(WORK INSTRUCTION) Every single entry should be printed exactly.

Excerpts from a dataset:
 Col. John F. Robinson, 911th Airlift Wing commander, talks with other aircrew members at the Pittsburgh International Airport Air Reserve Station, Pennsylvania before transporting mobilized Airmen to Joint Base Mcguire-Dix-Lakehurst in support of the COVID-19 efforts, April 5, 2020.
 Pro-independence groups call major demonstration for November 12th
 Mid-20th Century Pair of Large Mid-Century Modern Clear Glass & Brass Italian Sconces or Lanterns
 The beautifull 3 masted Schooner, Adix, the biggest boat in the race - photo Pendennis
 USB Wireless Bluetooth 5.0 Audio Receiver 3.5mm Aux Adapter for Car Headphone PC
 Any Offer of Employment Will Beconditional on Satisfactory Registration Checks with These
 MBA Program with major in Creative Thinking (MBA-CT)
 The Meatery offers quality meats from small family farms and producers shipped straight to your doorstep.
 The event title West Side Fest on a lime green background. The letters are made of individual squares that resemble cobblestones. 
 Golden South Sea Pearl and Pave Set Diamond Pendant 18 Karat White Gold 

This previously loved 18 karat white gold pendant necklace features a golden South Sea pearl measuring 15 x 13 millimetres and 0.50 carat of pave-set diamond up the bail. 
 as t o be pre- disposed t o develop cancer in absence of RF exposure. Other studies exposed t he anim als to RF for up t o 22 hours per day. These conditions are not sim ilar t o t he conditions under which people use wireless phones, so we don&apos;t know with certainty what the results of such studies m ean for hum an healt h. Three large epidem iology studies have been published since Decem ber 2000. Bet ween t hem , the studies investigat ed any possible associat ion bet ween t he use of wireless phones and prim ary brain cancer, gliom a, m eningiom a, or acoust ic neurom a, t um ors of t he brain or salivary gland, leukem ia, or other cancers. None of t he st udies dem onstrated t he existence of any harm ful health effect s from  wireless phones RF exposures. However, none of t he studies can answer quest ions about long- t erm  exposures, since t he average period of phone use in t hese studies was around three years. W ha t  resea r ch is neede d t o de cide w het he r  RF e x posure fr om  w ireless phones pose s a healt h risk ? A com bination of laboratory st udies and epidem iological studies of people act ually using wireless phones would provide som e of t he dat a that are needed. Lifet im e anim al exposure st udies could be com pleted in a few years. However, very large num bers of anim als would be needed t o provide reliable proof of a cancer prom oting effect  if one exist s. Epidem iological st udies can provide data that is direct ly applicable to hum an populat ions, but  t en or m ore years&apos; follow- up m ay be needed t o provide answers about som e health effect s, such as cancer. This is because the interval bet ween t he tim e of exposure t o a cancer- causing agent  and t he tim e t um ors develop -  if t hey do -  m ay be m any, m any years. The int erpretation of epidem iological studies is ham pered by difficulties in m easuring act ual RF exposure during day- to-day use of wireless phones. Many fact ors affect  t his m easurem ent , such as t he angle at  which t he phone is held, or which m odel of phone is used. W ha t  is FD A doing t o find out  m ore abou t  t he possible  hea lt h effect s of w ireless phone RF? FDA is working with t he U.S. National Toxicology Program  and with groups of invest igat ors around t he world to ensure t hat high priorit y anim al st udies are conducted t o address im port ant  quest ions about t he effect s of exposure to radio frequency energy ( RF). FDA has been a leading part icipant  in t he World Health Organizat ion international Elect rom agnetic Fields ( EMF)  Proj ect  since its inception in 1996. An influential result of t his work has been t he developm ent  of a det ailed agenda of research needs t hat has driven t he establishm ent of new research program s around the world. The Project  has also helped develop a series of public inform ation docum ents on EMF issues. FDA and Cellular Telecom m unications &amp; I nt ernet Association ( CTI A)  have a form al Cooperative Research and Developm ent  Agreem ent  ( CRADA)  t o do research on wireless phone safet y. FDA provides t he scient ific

(SOLUTION BELOW)
 Col. John F. Robinson, 911th Airlift Wing commander, talks with other aircrew members at the Pittsburgh International Airport Air Reserve Station, Pennsylvania before transporting mobilized Airmen to Joint Base Mcguire-Dix-Lakehurst in support of the COVID-19 efforts, April 5, 2020.
 Pro-independence groups call major demonstration for November 12th
 Mid-20th Century Pair of Large Mid-Century Modern Clear Glass & Brass Italian Sconces or Lanterns
 The beautifull 3 masted Schooner, Adix, the biggest boat in the race - photo Pendennis
 USB Wireless Bluetooth 5.0 Audio Receiver 3.5mm Aux Adapter for Car Headphone PC
 Any Offer of Employment Will Beconditional on Satisfactory Registration Checks with These
 MBA Program with major in Creative Thinking (MBA-CT)
 The Meatery offers quality meats from small family farms and producers shipped straight to your doorstep.
 The event title West Side Fest on a lime green background. The letters are made of individual squares that resemble cobblestones. 
 Golden South Sea Pearl and Pave Set Diamond Pendant 18 Karat White Gold 

This previously loved 18 karat white gold pendant necklace features a golden South Sea pearl measuring 15 x 13 millimetres and 0.50 carat of pave-set diamond up the bail. 
 as t o be pre- disposed t o develop cancer in absence of RF exposure. Other studies exposed t he anim als to RF for up t o 22 hours per day. These conditions are not sim ilar t o t he conditions under which people use wireless phones, so we don&apos;t know with certainty what the results of such studies m ean for hum an healt h. Three large epidem iology studies have been published since Decem ber 2000. Bet ween t hem , the studies investigat ed any possible associat ion bet ween t he use of wireless phones and prim ary brain cancer, gliom a, m eningiom a, or acoust ic neurom a, t um ors of t he brain or salivary gland, leukem ia, or other cancers. None of t he st udies dem onstrated t he existence of any harm ful health effect s from  wireless phones RF exposures. However, none of t he studies can answer quest ions about long- t erm  exposures, since t he average period of phone use in t hese studies was around three years. W ha t  resea r ch is neede d t o de cide w het he r  RF e x posure fr om  w ireless phones pose s a healt h risk ? A com bination of laboratory st udies and epidem iological studies of people act ually using wireless phones would provide som e of t he dat a that are needed. Lifet im e anim al exposure st udies could be com pleted in a few years. However, very large num bers of anim als would be needed t o provide reliable proof of a cancer prom oting effect  if one exist s. Epidem iological st udies can provide data that is direct ly applicable to hum an populat ions, but  t en or m ore years&apos; follow- up m ay be needed t o provide answers about som e health effect s, such as cancer. This is because the interval bet ween t he tim e of exposure t o a cancer- causing agent  and t he tim e t um ors develop -  if t hey do -  m ay be m any, m any years. The int erpretation of epidem iological studies is ham pered by difficulties in m easuring act ual RF exposure during day- to-day use of wireless phones. Many fact ors affect  t his m easurem ent , such as t he angle at  which t he phone is held, or which m odel of phone is used. W ha t  is FD A doing t o find out  m ore abou t  t he possible  hea lt h effect s of w ireless phone RF? FDA is working with t he U.S. National Toxicology Program  and with groups of invest igat ors around t he world to ensure t hat high priorit y anim al st udies are conducted t o address im port ant  quest ions about t he effect s of exposure to radio frequency energy ( RF). FDA has been a leading part icipant  in t he World Health Organizat ion international Elect rom agnetic Fields ( EMF)  Proj ect  since its inception in 1996. An influential result of t his work has been t he developm ent  of a det ailed agenda of research needs t hat has driven t he establishm ent of new research program s around the world. The Project  has also helped develop a series of public inform ation docum ents on EMF issues. FDA and Cellular Telecom m unications &amp; I nt ernet Association ( CTI A)  have a form al Cooperative Research and Developm ent  Agreem ent  ( CRADA)  t o do research on wireless phone safet y. FDA provides t he scient ific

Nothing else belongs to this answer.